First, let me tell you that I am currently employed at a Hesston dealership selling farm equipment and I have enjoyed collecting these buckles for over 5 years. I personally own one of the buckles that I am writing this guide about. The original buckles were never sold, they were given to Hesston employees and dealers in 1974. As far as I have been able to determine, the total amount made was only a few thousand. An authentic 1974 Hesston belt buckle is now worth between $800 and $1,000.
I have noticed that in the past there have been several 1974 Hesston buckles for sale on eBay at any one particular time. I have had the misfortune to purchase one of these, only to learn later that it was a reproduction that was worth $10 to $25 . This guide is meant to educate buyers that are looking to purchase an original 1974 Hesston belt buckle and how to identify a real one versus the reproductions.
I don't want to violate any copyrights, so I will not paste any photos from another sellers' auctions, but they are easy to find using eBay's search feature. The auctions that I have seen (primarily from 2 sellers) that in my opinion are selling reproductions commonly use one or more of the terms MINT CONDITION, VINTAGE, NEW, PERFECT UNWORN and COLLECTORS in the text of the title. They can also claim that they are part of a yearly series of buckles sponsoring the NFR (National Finals Rodeo) by Hesston. However, the NFR buckles did not start until 1975, the 74 buckle had nothing to do with the NFR.

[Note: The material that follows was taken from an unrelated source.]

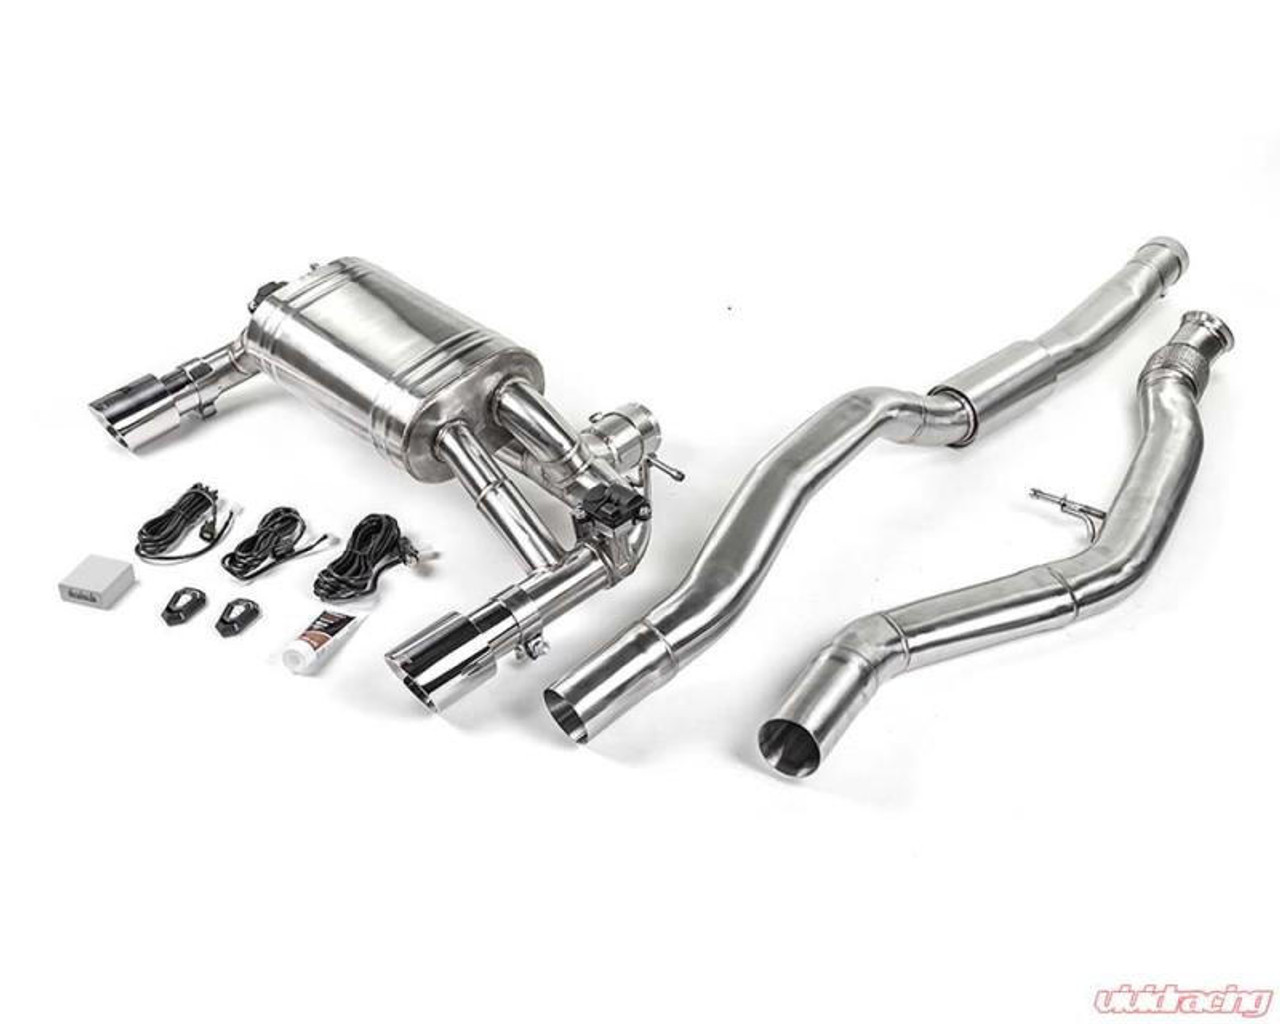 Vivid Racing VR Performance BMW M235i F22 Valvetronic 304 Stainless Exhaust System - VR-M235-170S

Lately, some of these sellers are showing the back of the buckle (now we can see the fakes) and keeping their bidder's ID's hidden. Would anyone hazard a guess as to what they are protecting ??
You can see in the photo above that this buckle looks almost identical to the buckles currently for sale on eBay. Without measuring them side by side the casual collector cannot tell apart the original from the fake. The feature that will readily tell the authenticity is the back of the buckle. The original has no writing on the back and is painted black The fakes (reproductions) that I have seen have a flat back and are the same color that the front of the buckle displays. Below is a photo of an original 1974 Hesston buckle. Notice the 'orange peel' finish.
As a buyer, if the seller refuses to show or provide a photo/scan of the back of the buckle I would be very hesitant to pay a hefty sum for that particular buckle. If you have any doubts as to the authenticity, contact the seller and ask for a scan of the back. If it is not provided, then my advise to you: DON'T BUY IT !!! If it does NOT have the 'orange peel' finish on the back IT IS A FAKE - DON'T BUY IT!!!
You can also tell condition by inspecting the backside - the finish will can be rubbed to the metal on buckles that have been worn, therefore the value is undermined. I would estimate that the value for a used buckle is about half of an authentic an unworn buckle.
Most collectors will not be able to afford an authentic 1974 buckle, so to make their collection look complete a reproduction has it's place. But I hate for collectors to purchase something that they think is authentic when it is fact nothing but a fake. Personally, in my opinion, if it's a fake and you paid more than $10 for it, you've been had.
These buckles may be pretty, and look good on a belt, but they are not worth the price they usually get. If you want to bid on one, be aware that it could a fake, and not a collectible.